INPUT DATA |
::::
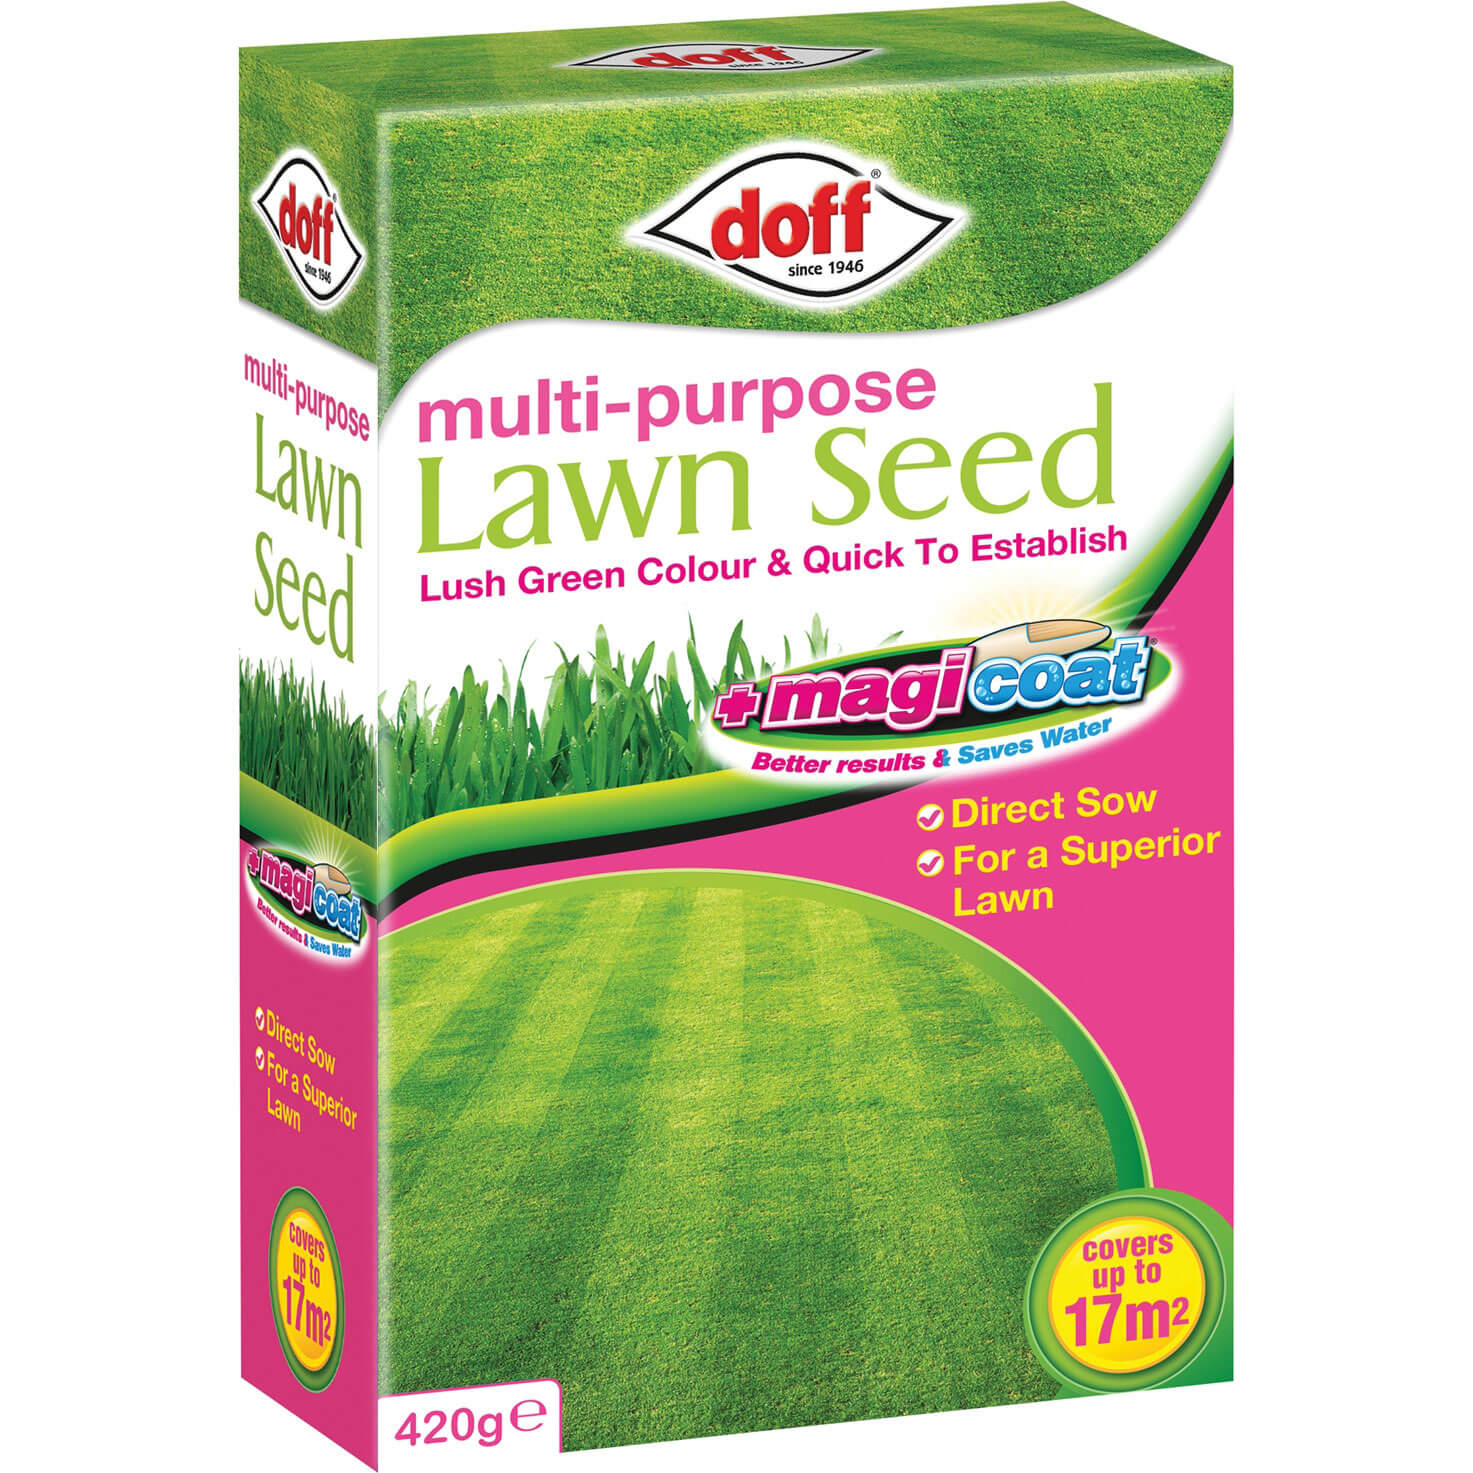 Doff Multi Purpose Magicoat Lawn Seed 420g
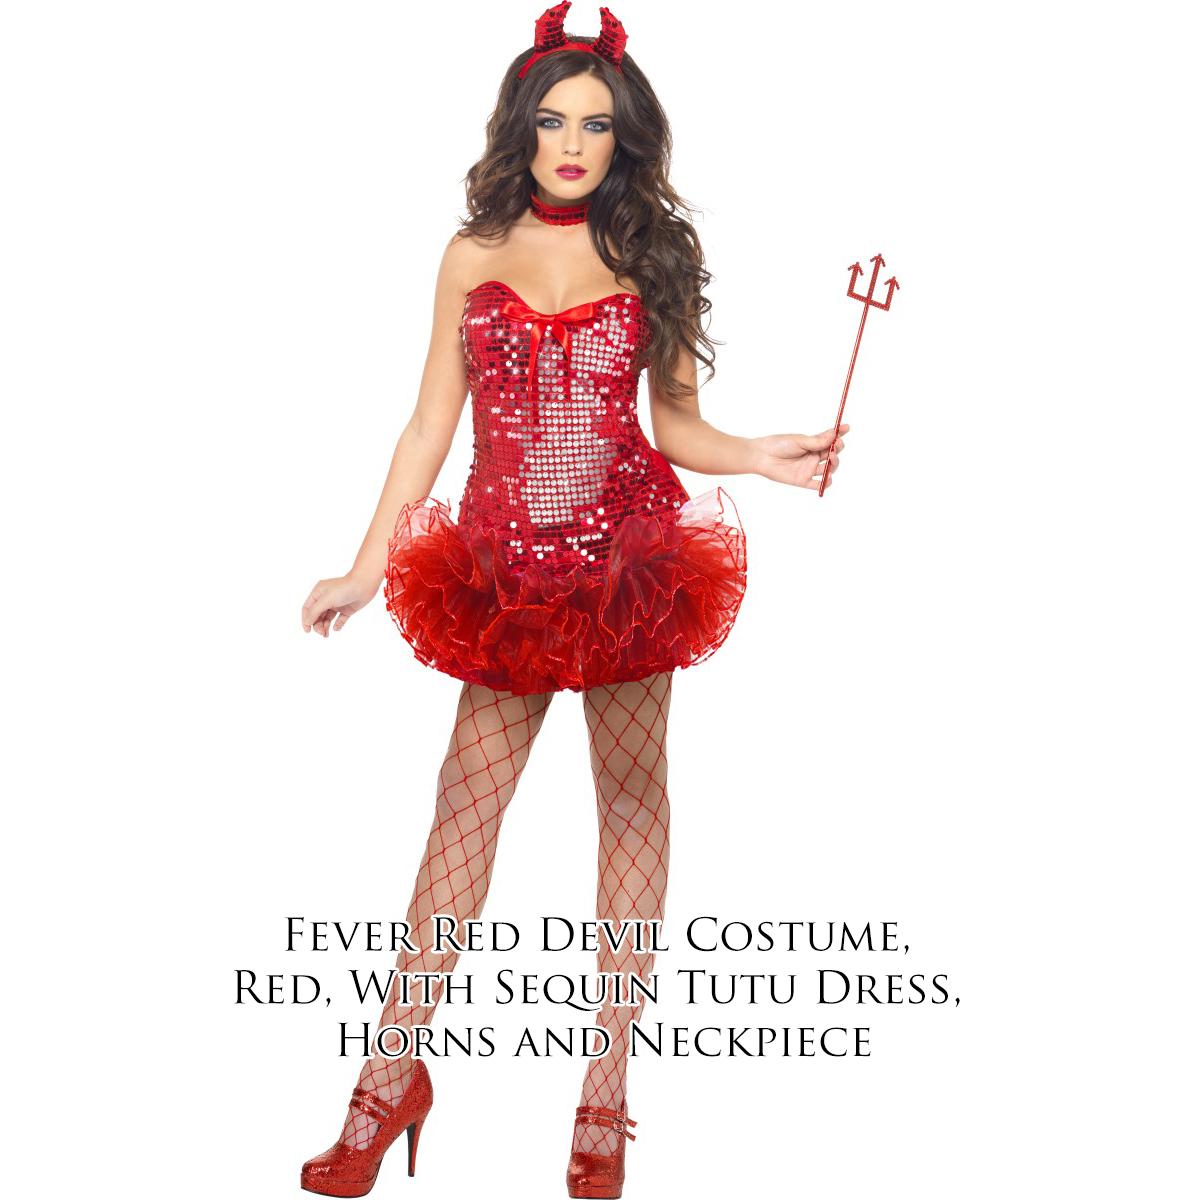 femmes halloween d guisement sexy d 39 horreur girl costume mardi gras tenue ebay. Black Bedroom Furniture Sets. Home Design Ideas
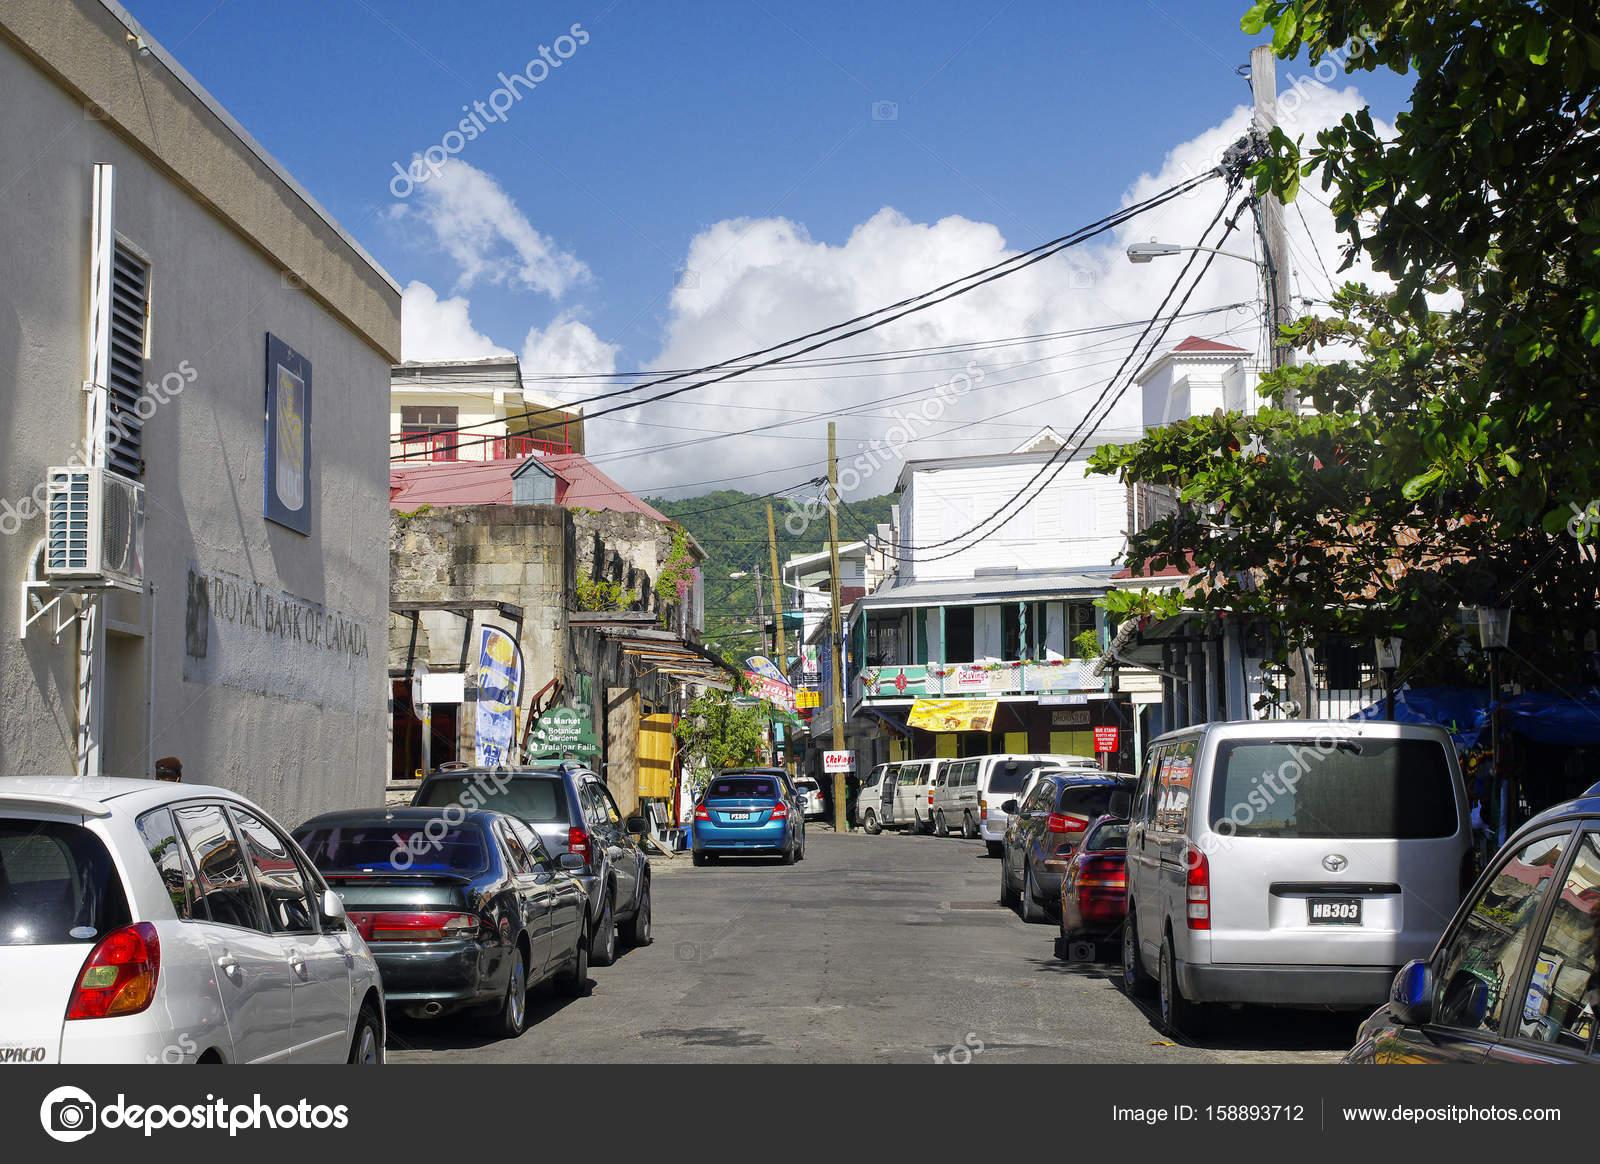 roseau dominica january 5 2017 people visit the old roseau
::::
WHAT IS REQUIRED | Go through the material above and retype every line exactly, without the images.

ANSWER |
 Doff Multi Purpose Magicoat Lawn Seed 420g
 femmes halloween d guisement sexy d 39 horreur girl costume mardi gras tenue ebay. Black Bedroom Furniture Sets. Home Design Ideas
 roseau dominica january 5 2017 people visit the old roseau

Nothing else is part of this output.